3.4. Verzoekster heeft ter zitting verklaard dat de beëindiging van haar aanstelling bij wijze van proef voor haar als een verrassing kwam en dat zij naar haar oordeel voldoende voldeed aan de gestelde functie-eisen. Verzoekster erkent dat zij nog niet op senior niveau functioneerde maar wel op medior niveau.
3.5 Gelet op het onder rechtsoverweging 3.3 overwogene, kon en mocht verzoekster er in beginsel van uitgaan dat verweerder de wijze waarop zij haar nieuwe functie in tijdelijke dienst bij wijze van proef vervulde aan een beoordeling zou onderwerpen. Dit is verzoekster ook kenbaar gemaakt in het aanstellingsbesluit van 3 januari 2012.

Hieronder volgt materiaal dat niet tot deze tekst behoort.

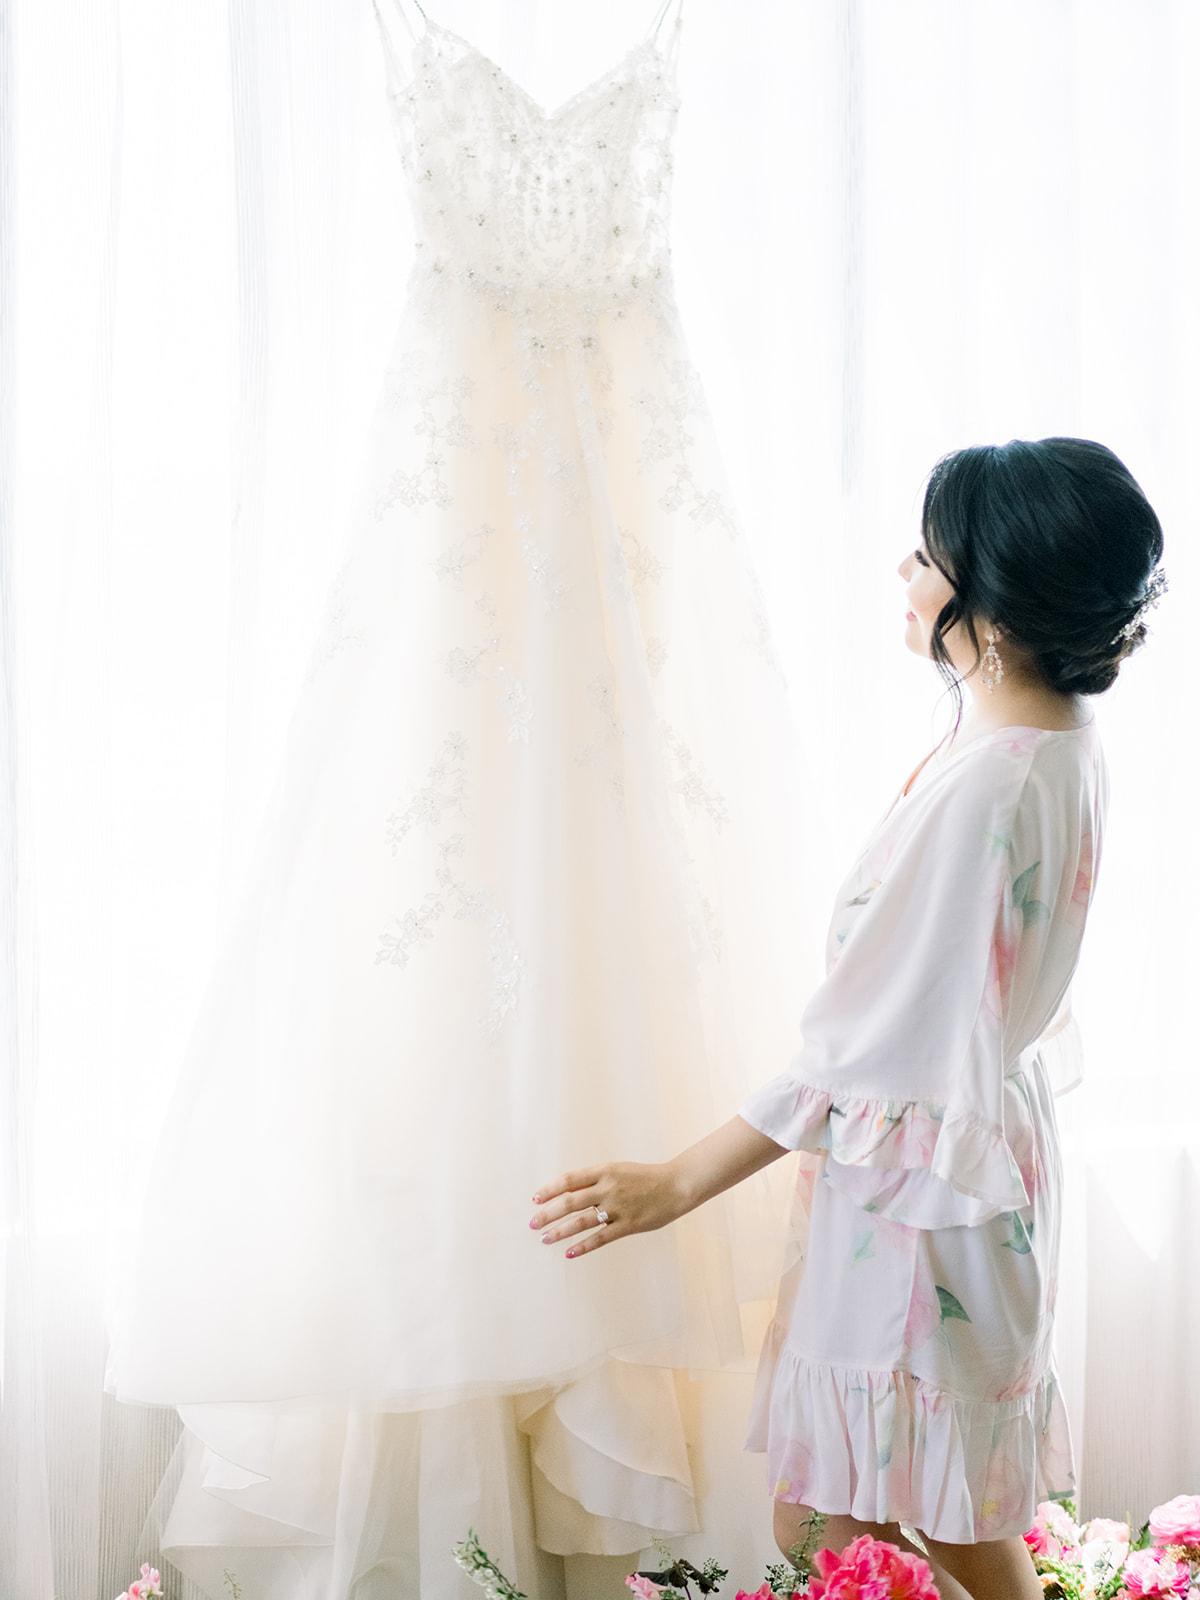 jueunandjon-etherandsmith-wedding-169.jpg

3.6 Uit de onder 2.6. weergegeven feiten blijkt dat tijdens de aanstelling op proef regelmatig beoordelingsgesprekken zijn gevoerd en dat de aanstelling is verlengd omdat verzoekster nog niet aan de eisen voldeed. Uit het verslag van het beoordelingsgesprek van 13 augustus 2012 blijkt dat verzoekster op een aantal beoordelingsaspecten nog steeds duidelijk tekort schoot, niet aan de eisen voldeed of nog niet aan de eisen voldeed. De leidinggevende is in het beoordelingsformulier gemotiveerd van oordeel dat verzoekster het vereiste niveau niet heeft bereikt, noch een voldoende ontwikkeling heeft doorgemaakt om de werkzaamheden van de functie medewerker kwaliteit goed te kunnen uitvoeren. De voorzieningenrechter is van oordeel dat verweerder vooralsnog in redelijkheid heeft kunnen concluderen dat verzoekster niet voldeed aan de redelijkerwijs te stellen eisen en verwachtingen en dat zij ook niet binnen afzienbare tijd daaraan alsnog zou kunnen voldoen. Dat verzoekster het met deze beoordeling niet eens was en het formulier ook alleen voor kennisgeving heeft getekend, doet aan dit oordeel niet af.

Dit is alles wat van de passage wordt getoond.